Task brief → Give again, word for word, every line in the entries below from the line with "Class Action Lawsuit Examples" up to and including the line with "You're just my", and no other line.

Records →
BEGIN

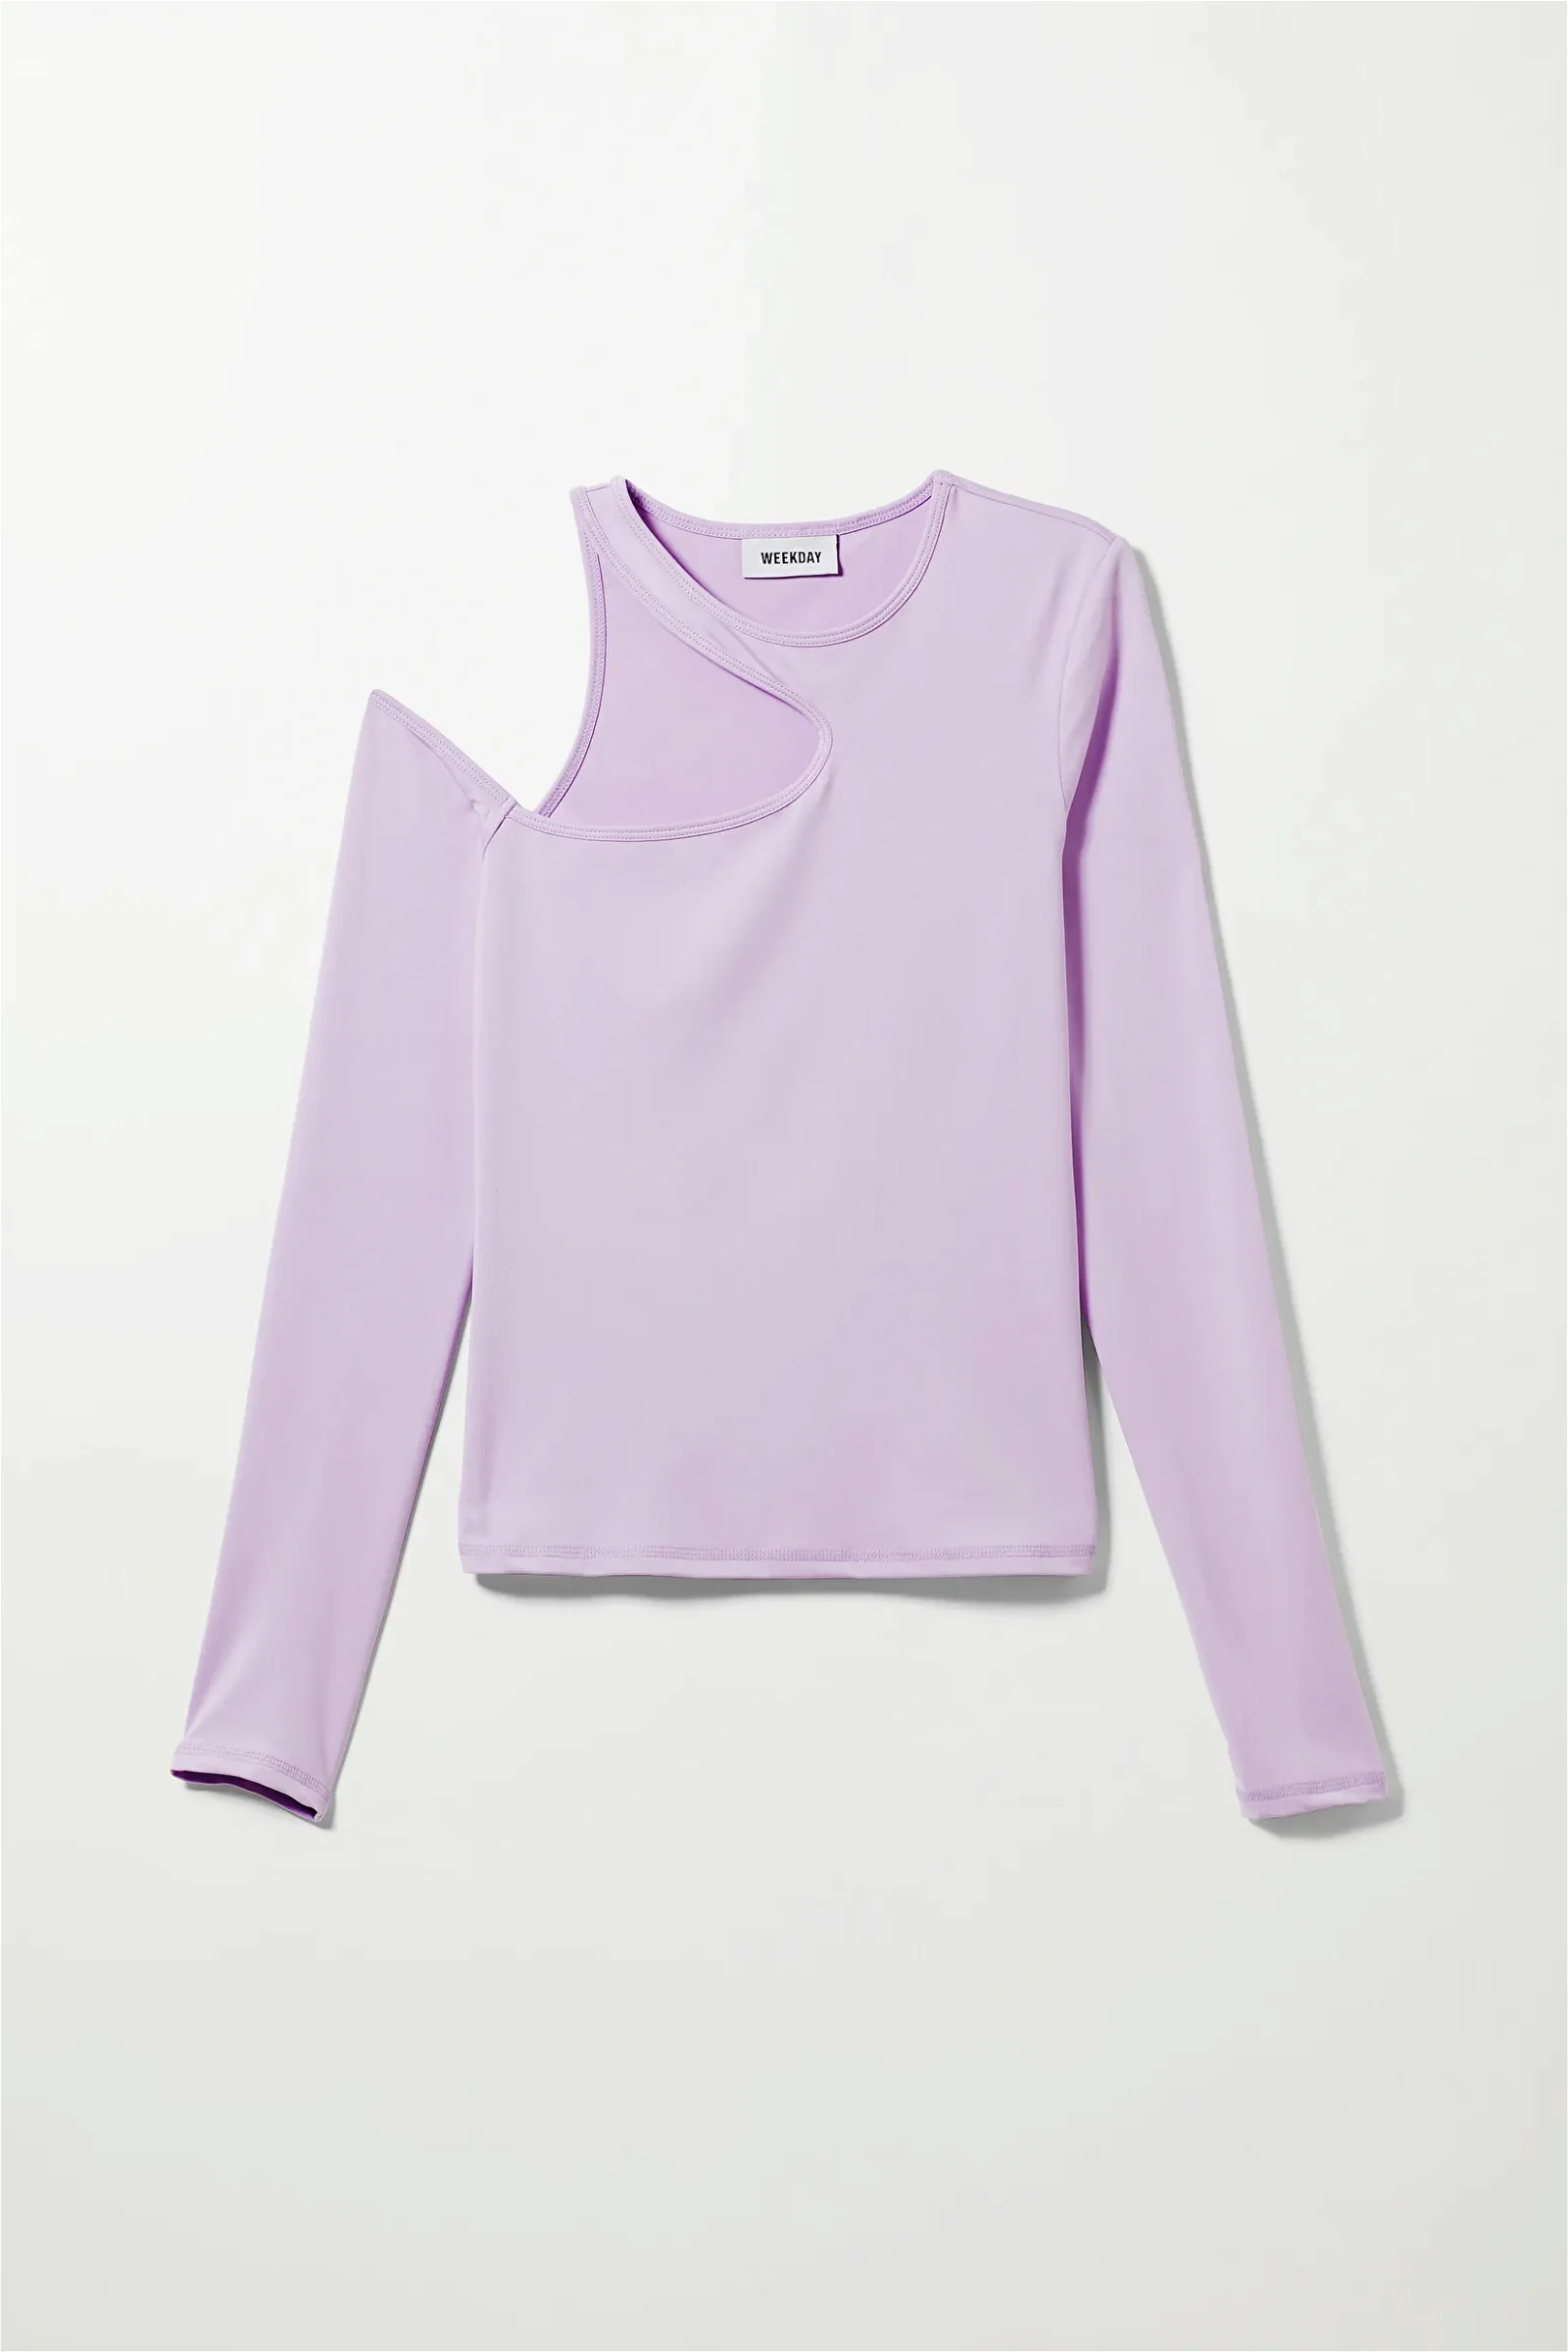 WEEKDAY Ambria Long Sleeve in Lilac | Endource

END
BEGIN

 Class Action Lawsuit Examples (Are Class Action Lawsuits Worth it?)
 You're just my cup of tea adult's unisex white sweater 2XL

END

Answer space →
 Class Action Lawsuit Examples (Are Class Action Lawsuits Worth it?)
 You're just my cup of tea adult's unisex white sweater 2XL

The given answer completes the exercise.